Strony

Strony

poniedziałek, 23 października 2017

Sklątka Tylnowybuchowa - fan art

Witam wszystkich!:) Wreszcie udało mi się znaleźć chwilę, na publikację posta, który miał się pojawić chyba z tydzień temu...trochę czasu minęło, ale najważniejsze, że oto jest:) Na dzisiaj przygotowałam fan art pewnego ohydnego stwora. Nie przedłużając...

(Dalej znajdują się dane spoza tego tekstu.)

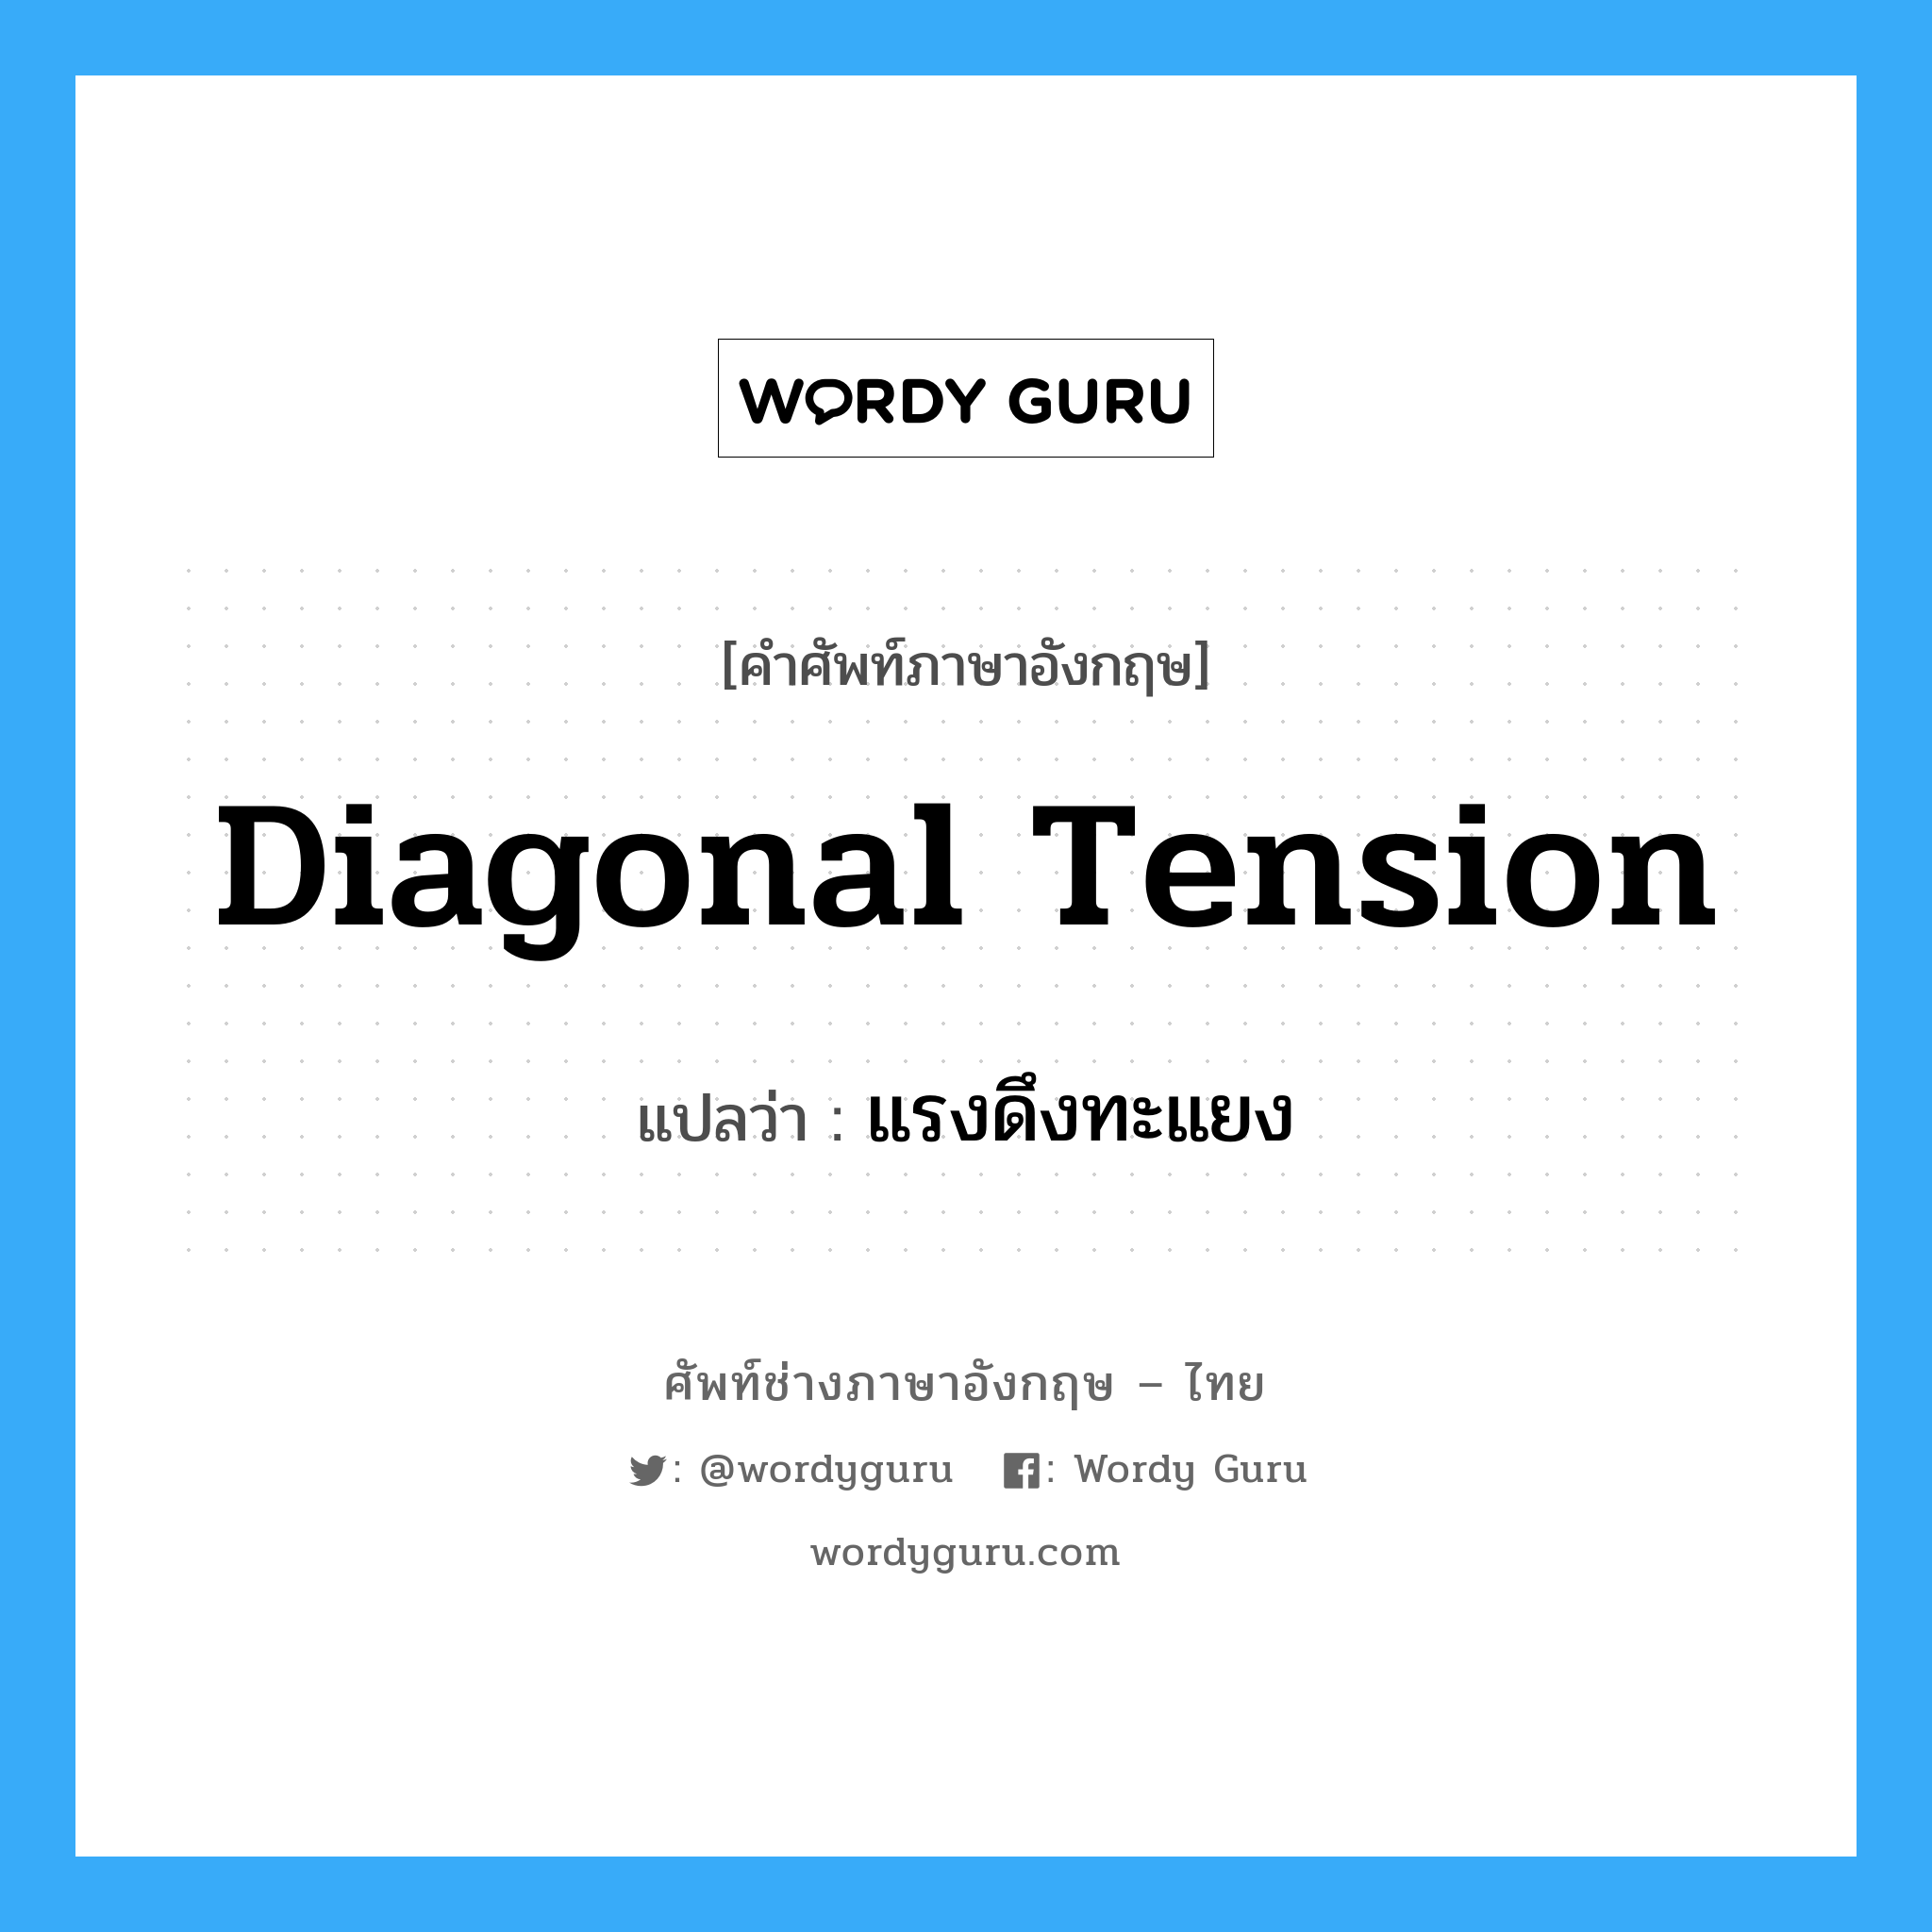 diagonal tension แปลว่า?, คำศัพท์ช่างภาษาอังกฤษ - ไทย diagonal tension คำศัพท์ภาษาอังกฤษ diagonal tension แปลว่า แรงดึงทะแยง

Sklątka Tylnowybuchowa, to zwierzę występujące w czwartej części przygód Harrego Pottera. Jest ono połączeniem wydłużonego kraba z skorpionem, jest ślepe i ma sporo nóg, które wyrastają z różnych dziwnych miejsc, bleh:P



Szkic - nie było łatwo przelać na papier to, co sobie wyobrażałam myśląc o tym stworze, ale jakoś dałam radę. Tło dla sklątki stanową "mury" krzaczastego labiryntu. Kto czytał Czarę Ognia ten będzie kojarzył tą scenę z ostatniego zadania Turnieju Trójmagicznego, kiedy to Harry napotkał w labiryncie właśnie to zwierzę.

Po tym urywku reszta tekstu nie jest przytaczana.